I am an alumnus of SIUC’s Ph.D. program in philosophy. I am writing to urge you to continue full support for the Center for Dewey Studies. I understand that the center has been asked to prepare a budgetary plan for a reduction of its support by 50 percent. Were that reduction to be applied, it would incapacitate the center. That would be a truly terrible mistake.
The Center for Dewey Studies is one of the jewels of SIUC. As I said in a recent interview with the Daily Egyptian, it is simply the best resource in the world of its kind. John Dewey’s work remains deeply important. Presently, Penguin Books is in contract negotiations with me to release a collection of Dewey’s public writings, in part because of help I received from the center, its director, and its relationship with the SIU Press. Dewey was America’s greatest public philosopher, and next year marks the 100th anniversary of his master work, Democracy and Education. There is also a burgeoning movement in public philosophy for which Dewey is the exemplar to whom people will be looking with increasing interest. This is not the time to cut support for the center, but to increase it.

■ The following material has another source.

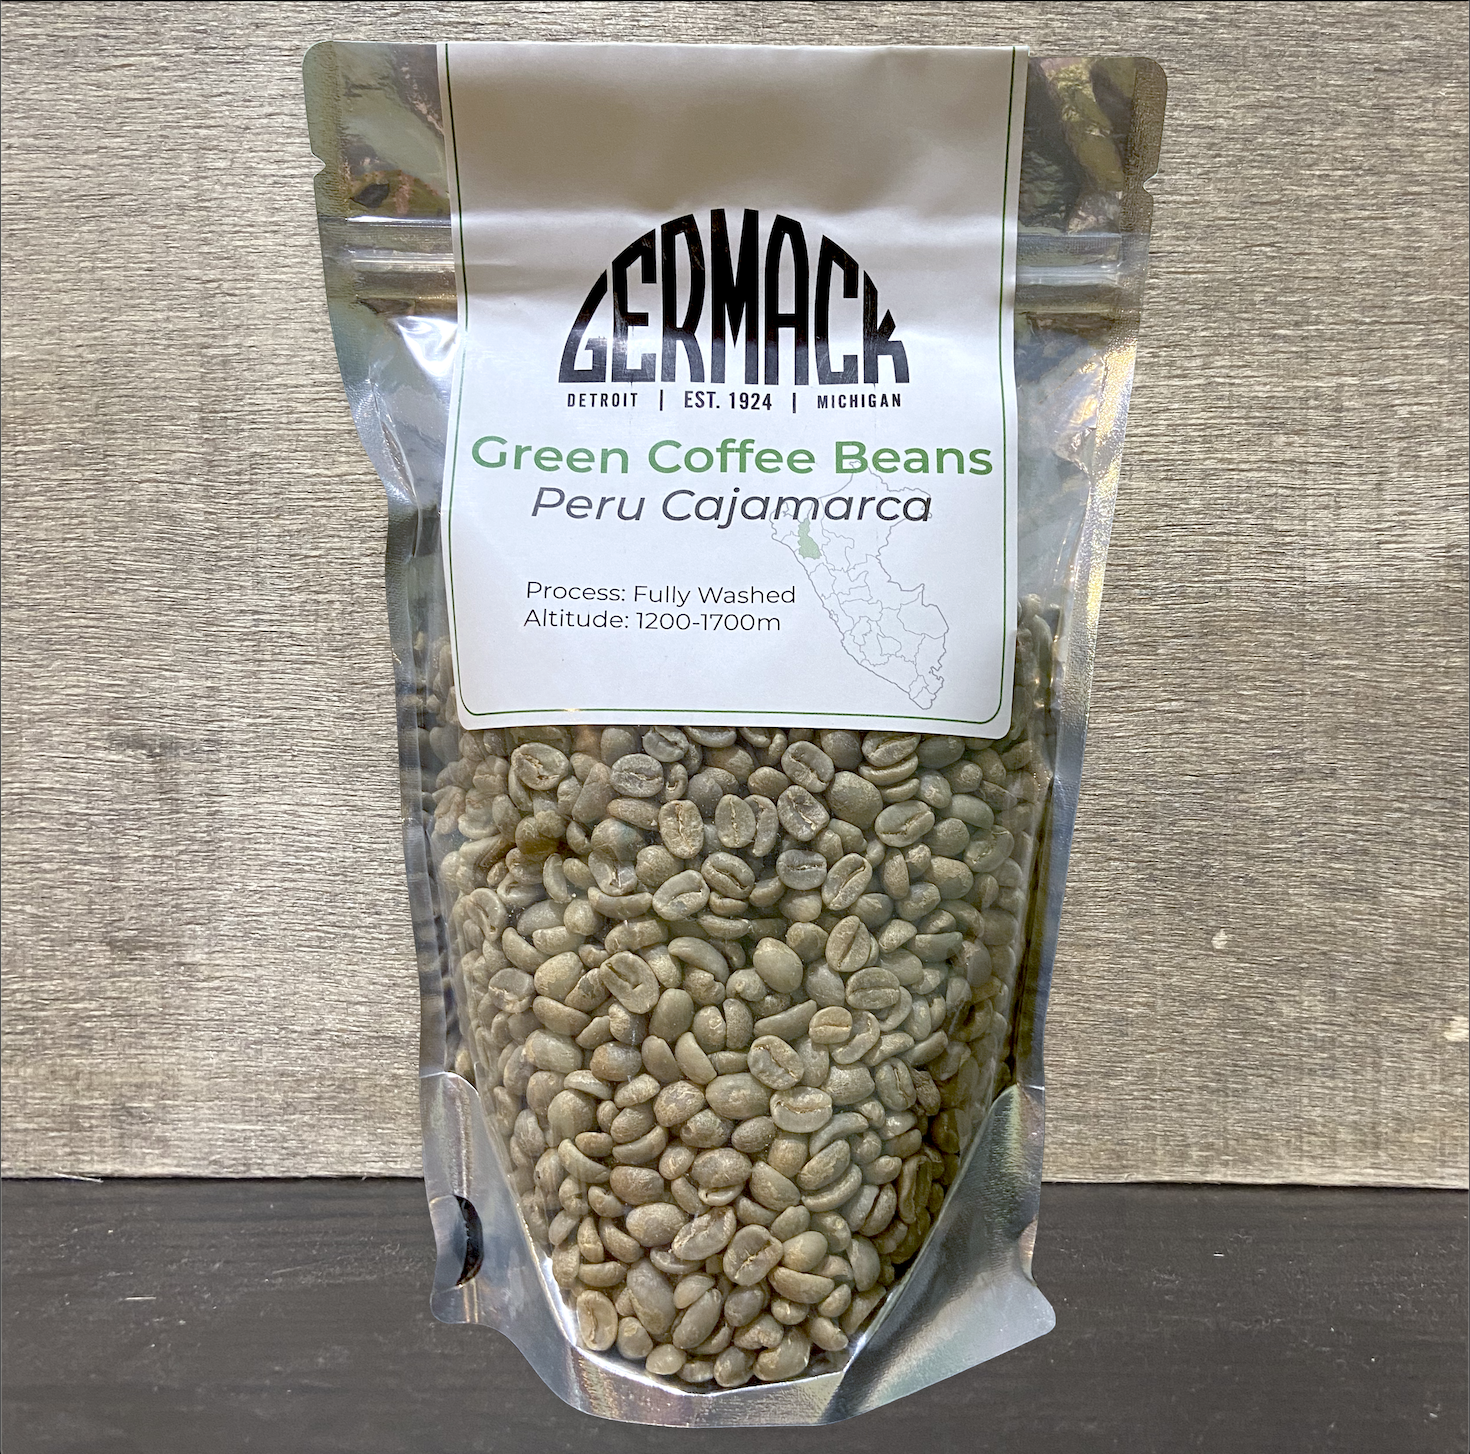 Picture Germack Green Coffee Beans (1 lb) - Peru Cajamarca

The Center for Dewey Studies is one of the premier programs at SIUC. It’s the reason I came to SIU for graduate school when other places were making me competing offers. SIUC is special for its unique strengths in American philosophy, and it is known around the world for that reputation. The central reasons for that reputation are the work of the Center for Dewey Studies and the faculty’s remarkable strengths in that area, bolstered by the center. Compared with any other element of a university campus, the Center for Dewey Studies must be by an incredible margin the very cheapest initiative of profound excellence at the university. It would be immensely unwise to cripple the center with drastic cuts, when they are down to the bare budgetary essentials to keep afloat.
Please preserve this cherished resource at SIUC, which fundamentally depends on the Dewey Center staff. Materials do not preserve, catalog, edit, or collect themselves. The delicate and important work of the Center for Dewey Studies is priceless, even though the requested price tag is so small. The proposed savings would be minuscule already for a major research university. It cannot make sense to debilitate a remarkable center of excellence for a $20,000 savings at an institution whose operating budget exceeds $430 million. As you consider what is best for the university, the only sensible steps forward must include serious support for its truly excellent programs, like the Center for Dewey Studies.